When someone dies in front of you, it is an
experience like no other. No it is not painful, nor is it satisfying. It is an
empty, sunken feeling – a vacuum of drowned tears. It is like running a
marathon and later not being able to feel your legs, it is the pins and needles
of emotions. There is no shriek and there is no struggle, a drama-less decline.
It is an easy process that is equally as hard. Death is still a strange thing.
Funerals are strange things too. When I had
arrived at his one, there were so many people. People I had never met in my life,
people my family didn’t even meet. He had known so many people and I knew
little of him.
The funeral service is how you would
predict it. We would walk up and examine a dead body, saying our last words,
leaving our last flowers. It was so silent that I remember hearing the
breathing; slow and deep. There he lay, pale and cold an empty vessel of the
soul. They had told me not allow any of my tears to go inside the coffin for
fear his soul would remain restless and wander the earth for eternity so I had
kept my distance, my hand constantly wiping my reddened face.
I had the dubious honour of locking the
cage away, my weakened arms barely able to guide the hammer down properly to
nail in the coffin. I hadn’t cared about the embarrassment that was to follow;
I just knew that I had to let him rest in peace, my final and only gift to him.
In Chinese tradition, we would burn paper
money for him, which would be used by him in the afterlife. A big circle would
be drawn by chalk and a first paper lit, wherein afterwards, everyone would
contribute a little and watch the fire burn.

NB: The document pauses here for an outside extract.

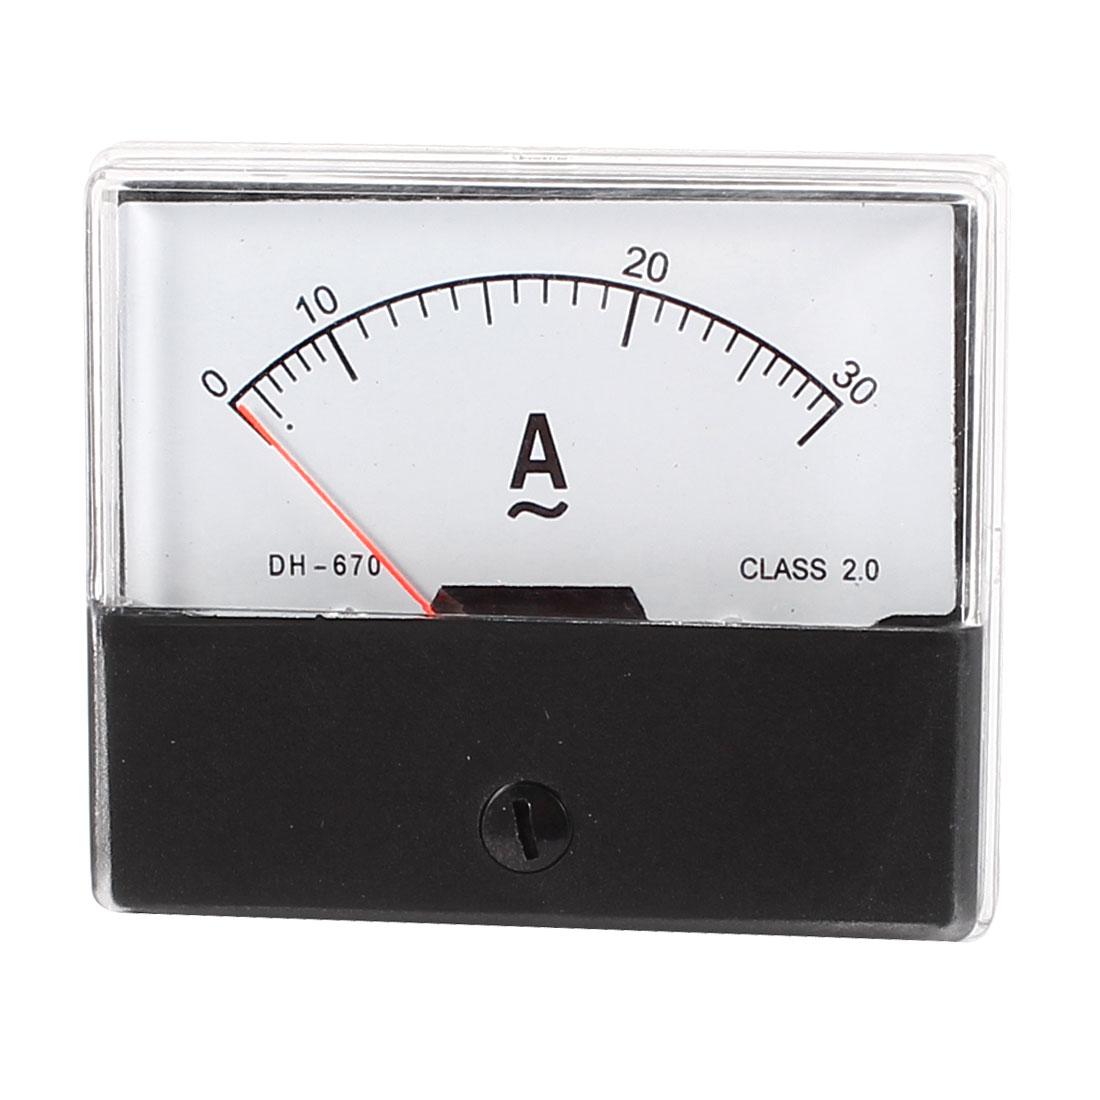 Indicateur panneau Rectangle analogique actuel outil mesure ampèremètre AC 30A - image 2 de 2

I remember my aunt crouching down
in front of me once we had all put in our fair share, her eyes dark and empty.
She told me he wanted me to have it, opened the black box she was clasping on
to tightly and undid the locking mechanism. It had slipped onto my wrist easily
– the size, just perfect. I gave her a hug, thanking her with a kiss on the
cheek. She stood back up and silence resumed as we stared into the blaze that
we wished would scour our memories, our thoughts, my pains.
As I turn the watch once more, the light
catches my eye once more reminding me of that fire, a memory seated in shadows.
I unclasp the bottom of the watch and slide it off my wrist. It angles itself
as I lay it on the desk, rigid and unmoving. It no longer is allowed to follow
the sunlight, absorbing its rays for energy. It would have to use up whatever
battery had been left inside and when it died, it would have to wait for my
return. I’m sure it won’t die out though – not anytime soon, I’m sure of it. The
cuts and abrasions are living proof of its perpetuating existence.